Bisphenol A (114 g, 0.5 mol), phosphorus oxychloride (192 g), (1.25 mol), and anhydrous magnesium chloride (1.4 g, 0.015 mol) were charged into a 500 ml four-necked flask equipped with a stirrer / reflux tube and a nitrogen stream. It was made to react at 70-140 degreeC below for 4 hours. After completion of the reaction, while maintaining the reaction temperature, the flask was decompressed to 200 mmHg or less with a vacuum pump, and unreacted phosphorus oxychloride was recovered with a trap. Next, the flask was cooled to room temperature, 122 g (1.0 mol) of 2,6 xylenol and 2.0 g (0.015 mol) of anhydrous aluminum chloride were added, and the mixture was heated to 100 to 150 ° C. and reacted for 4 hours. The flask was then cooled to room temperature, 94 g (1.0 mol) of phenol was added, heated to 100-150 ° C. and held for 4 hours to complete the reaction. The pressure was reduced to 1 mmHg at the same temperature, and unreacted phenols were distilled off. Hydrogen chloride gas generated during the reaction was collected with an aqueous sodium hydroxide solution, and the amount of the generated hydrogen chloride was measured by neutralization titration to monitor the progress of the reaction. The produced crude phosphate ester was washed with distilled water, and then the solid content was removed with a filter paper (# 131 manufactured by Advantech). It was vacuum dried to obtain a pale yellow transparent purified product.
[0051]
As a result of HPLC measurement (LC-10A manufactured by Shimadzu, column: Tosoh TSKgel ODS-80T, solvent: methanol / water 90/10), the purity of the formula (10) component was 75% by weight.
(Flame retardant-3)
It was produced and purified in the same manner as flame retardant-2 except that 122 g (1.0 mol) of 2,6 xylenol was replaced with 99 g (1.0 mol) of cyclohexanol.
(Fluorine resin)
Teflon 30J (Mitsui DuPont Fluorochemicals)
[0052]
【Example】
(Examples 1-4, Comparative Examples 1, 2, 5, 6)
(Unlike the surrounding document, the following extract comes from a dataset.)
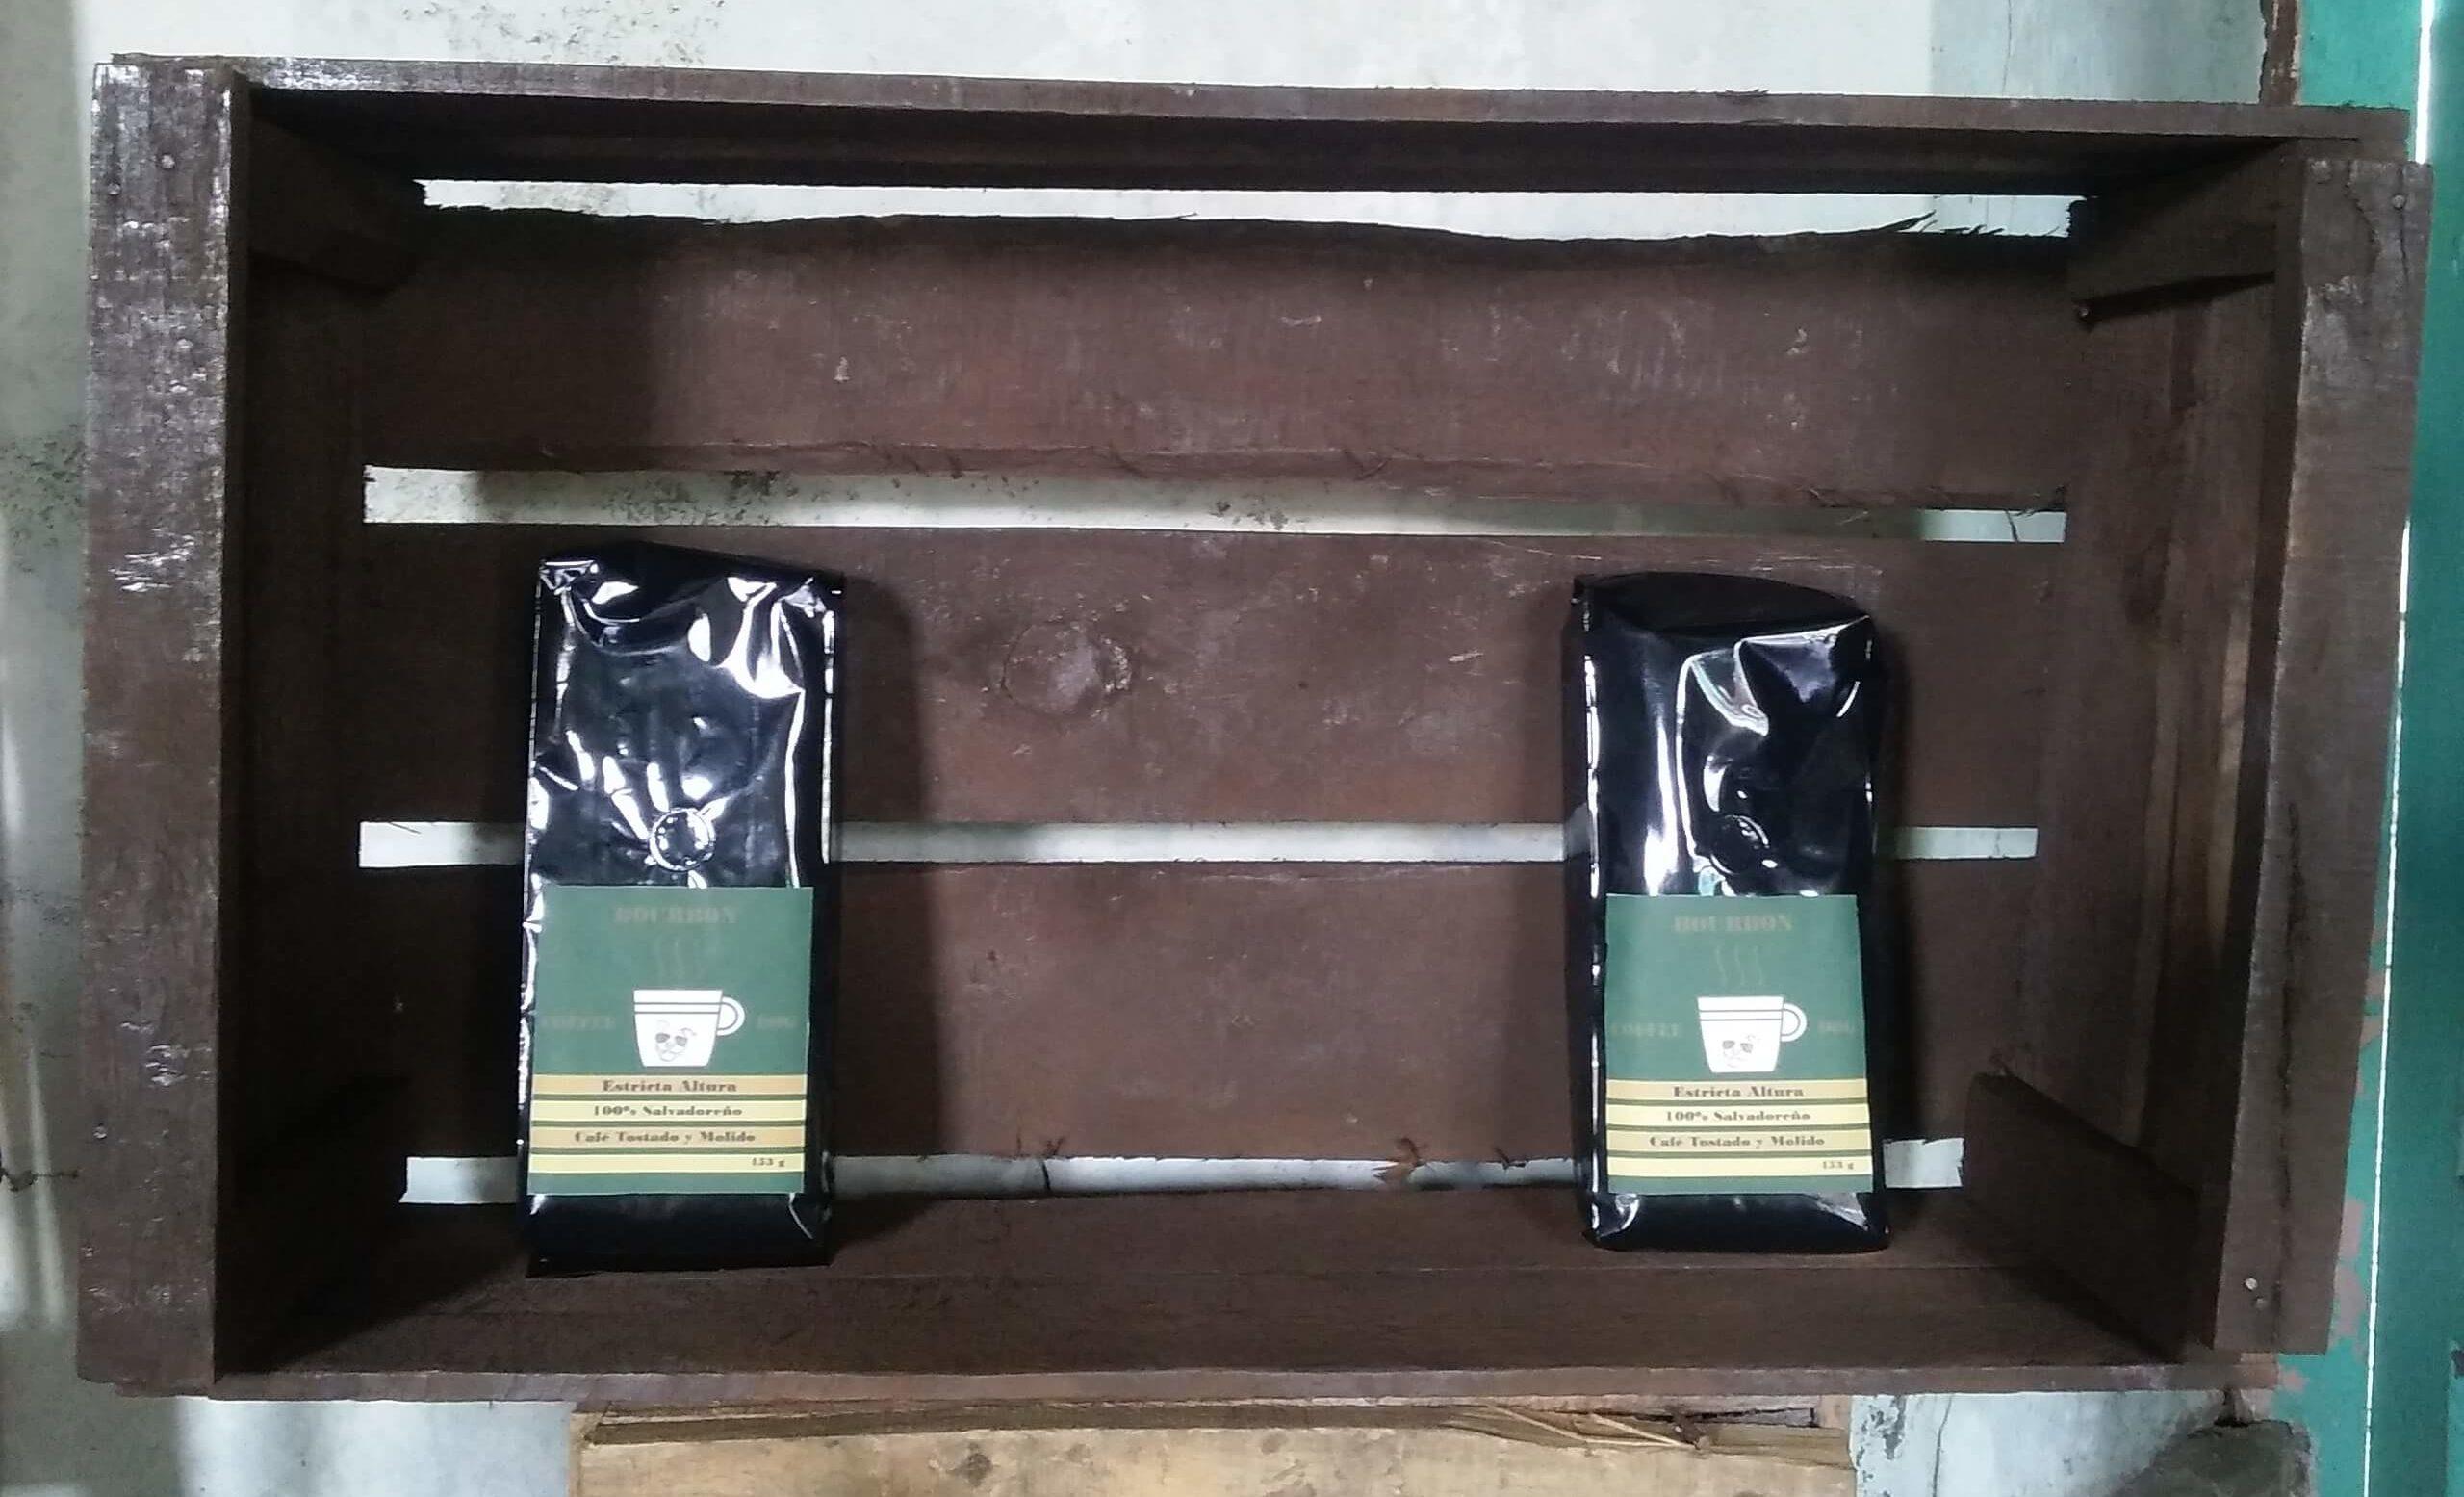 Plan de Digitalización El Salvador. Coffee Dog, productos.

Blended with the formulation shown in Table 1 and melt kneaded at a rotational speed of 300 rpm with a twin screw extruder (ZSK-25, manufactured by W & P) with a cylinder temperature set at 250 ° C., and pumped the flame retardant from the middle of the extruder Was pressed and granulated to obtain pellets.
[0053]
The obtained pellets were dried and an injection molding machine (automatic) set to a cylinder temperature of 260 ° C., a mold temperature of 65 ° C., a screw rotation speed of 100 rpm, an injection speed of 200 mm / min, an injection pressure holding time of 10 seconds, and a cooling time of 15 seconds. Shot 50D (manufactured by FANUC) was used to obtain an Izod impact strength evaluation specimen-shaped molded body, a combustion test specimen-shaped molded body, and a gloss measurement flat plate. The time from the melted state immediately after the start of cooling to the melt viscosity of 30000 Pa · s was within 3 seconds. In addition, the static holding time was 5 seconds in a molten state at a melt viscosity of 10,000 Pa · s or less.
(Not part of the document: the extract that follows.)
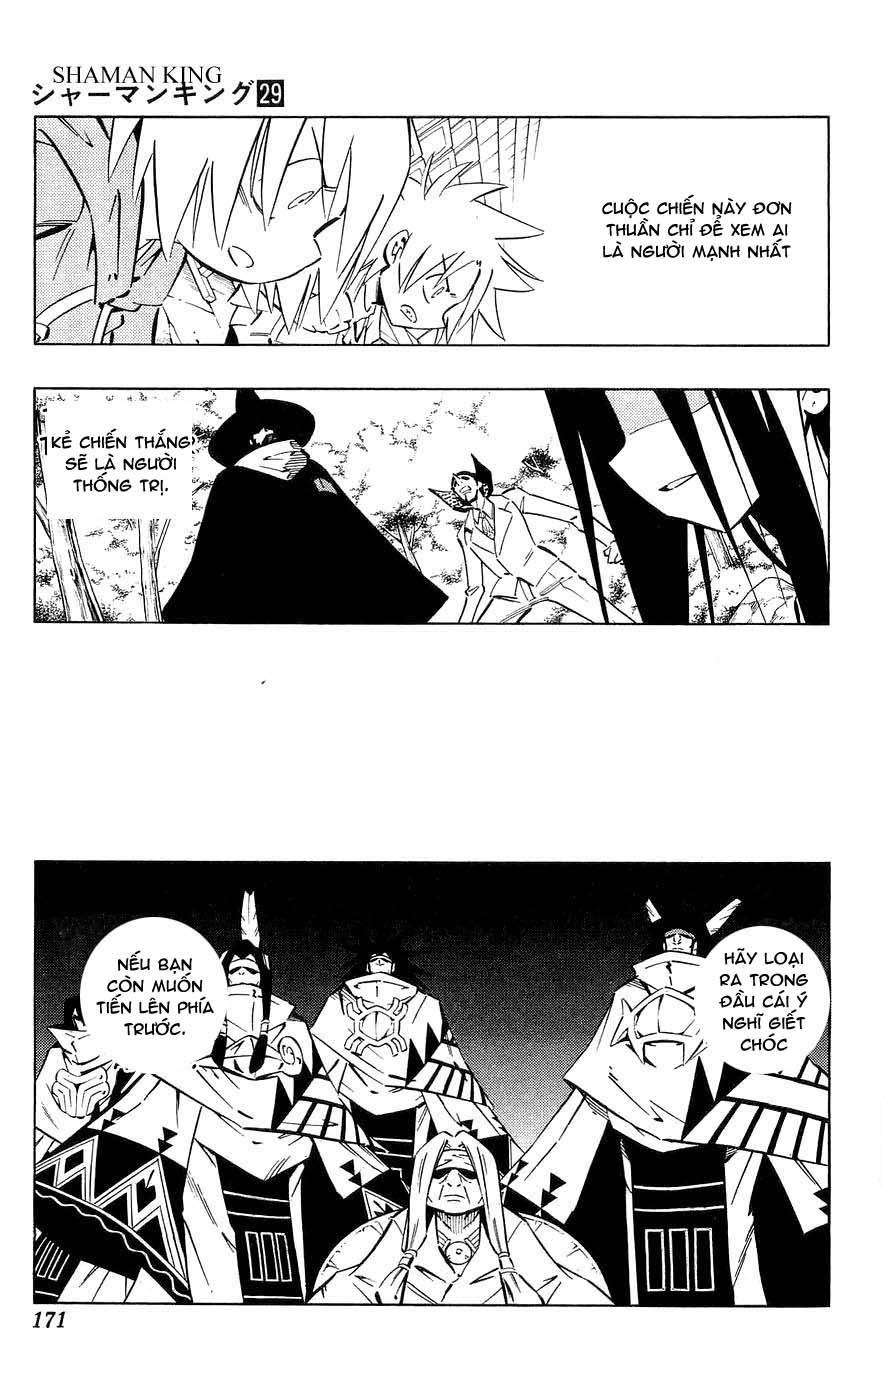 Shaman King [Vua pháp thuật] chap 257 trang 5

The evaluation results are shown in Table 1 and FIGS.
[0054]
(Comparative Example 3)
Blended with the formulation shown in Table 1 and melt kneaded at a rotational speed of 300 rpm with a twin screw extruder (ZSK-25, manufactured by W & P) with a cylinder temperature set at 250 ° C., and pumped the flame retardant from the middle of the extruder Was pressed and granulated to obtain pellets.
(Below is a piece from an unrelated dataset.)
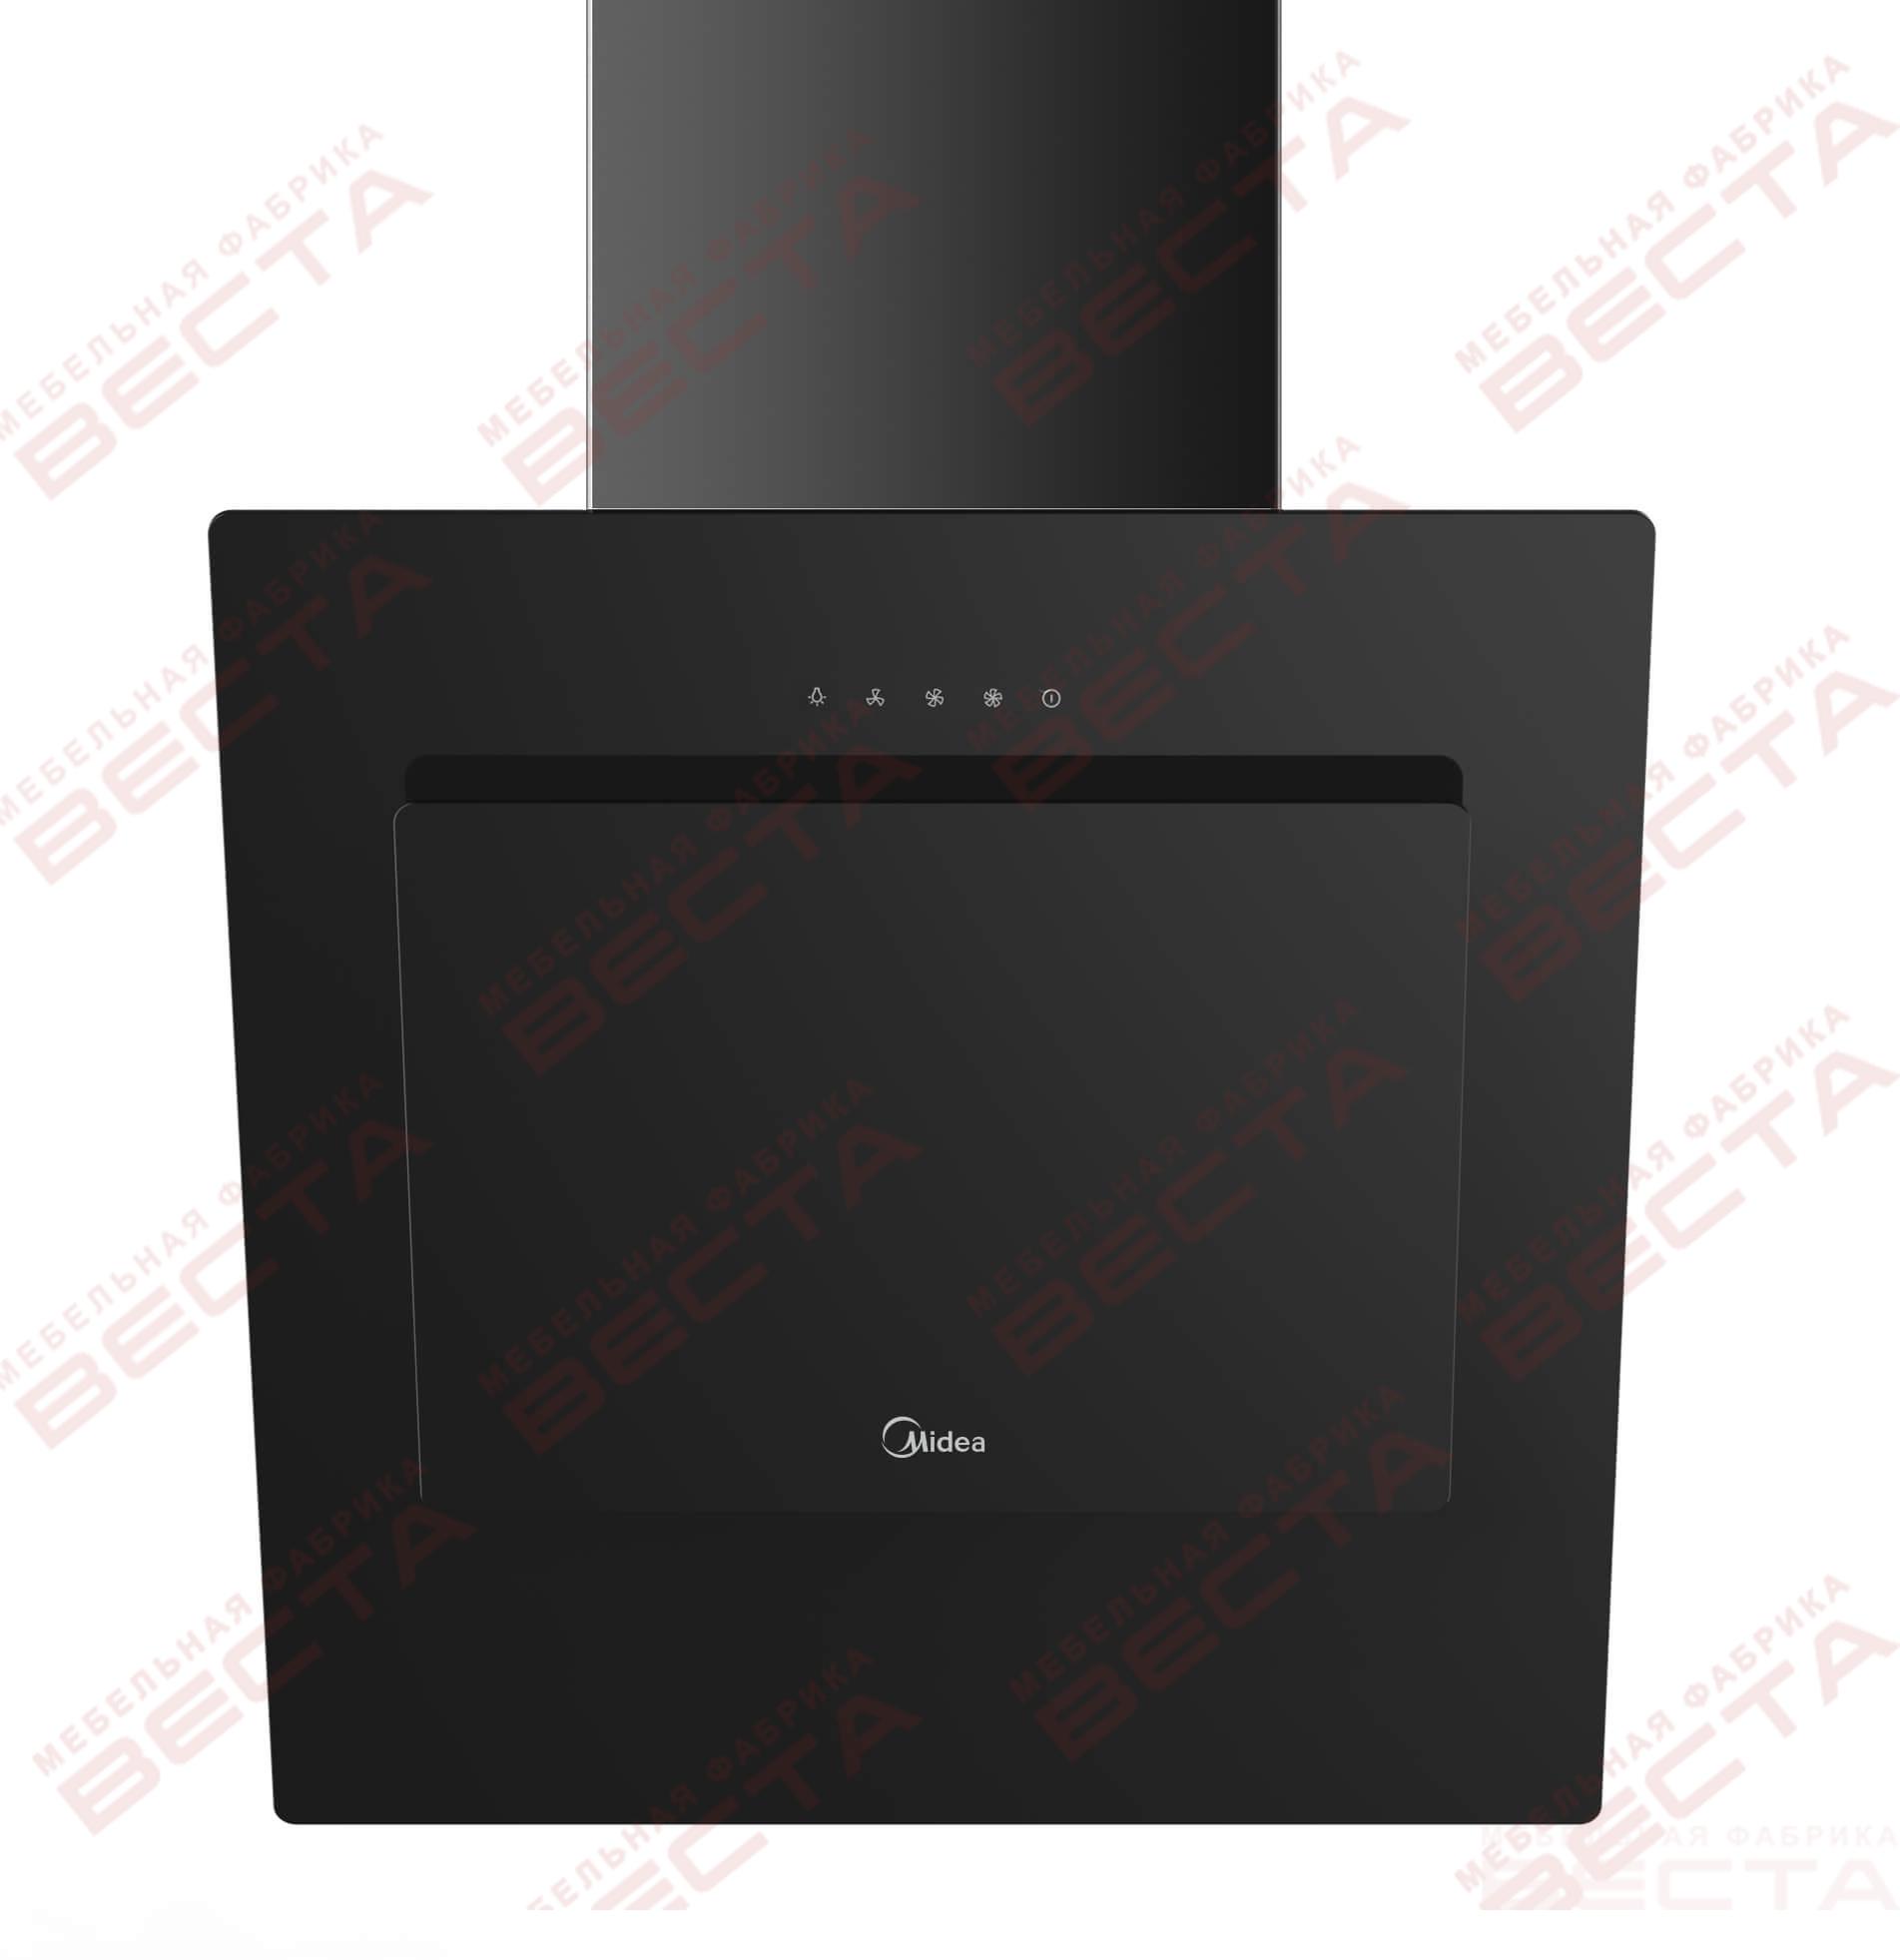 Вытяжка наклонная MIDEA MH60AN595GB, 60 см, без угольн. фильтра, черный/черное стекло

The obtained pellets were dried and an injection molding machine (automatic) set to a cylinder temperature of 260 ° C., a mold temperature of 65 ° C., a screw rotation speed of 100 rpm, an injection speed of 200 mm / min, an injection pressure holding time of 10 seconds, and a cooling time of 15 seconds. Shot 50D (manufactured by FANUC) was used to obtain an Izod impact strength evaluation specimen-shaped molded body, a combustion test specimen-shaped molded body, and a gloss measurement flat plate. The time from the melted state immediately after the start of cooling to the melt viscosity of 30000 Pa · s was within 3 seconds. Further, the static holding time in a molten state at a melt viscosity of 10,000 Pa · s or less was 180 seconds.
The evaluation results are shown in Table-1.
[0055]
(Comparative Example 4)
Blended in the formulation shown in Table 1 (unit: parts by weight), melt-kneaded at a rotational speed of 300 rpm with a twin screw extruder (ZSK-25, manufactured by W & P) with a cylinder temperature set at 250 ° C. From the middle, a flame retardant was injected with a pump and granulated to obtain pellets.
The obtained pellets were dried and compression-molded at a mold temperature of 260 ° C. to obtain a flat molded body. In this molding, the time from the melted state immediately after the start of cooling to the melt viscosity of 30000 Pa · s is 30 seconds, and the time in which the melt is kept static in the melt state at a melt viscosity of 10000 Pa · s or less. Was 240 seconds. Moreover, the test piece shape molded object for Izod impact strength evaluation and the test piece shape molded object for combustion tests were cut out from this flat molded body, and obtained.
The evaluation results are shown in Table 1 and FIG.
[0056]
(Example 5,6, Comparative Example 7) The same procedure as in Example 1 was performed except that the cylinder temperature of the twin screw extruder was changed to 260 ° C. with the formulation shown in Table-2. The evaluation results are shown in Table-2.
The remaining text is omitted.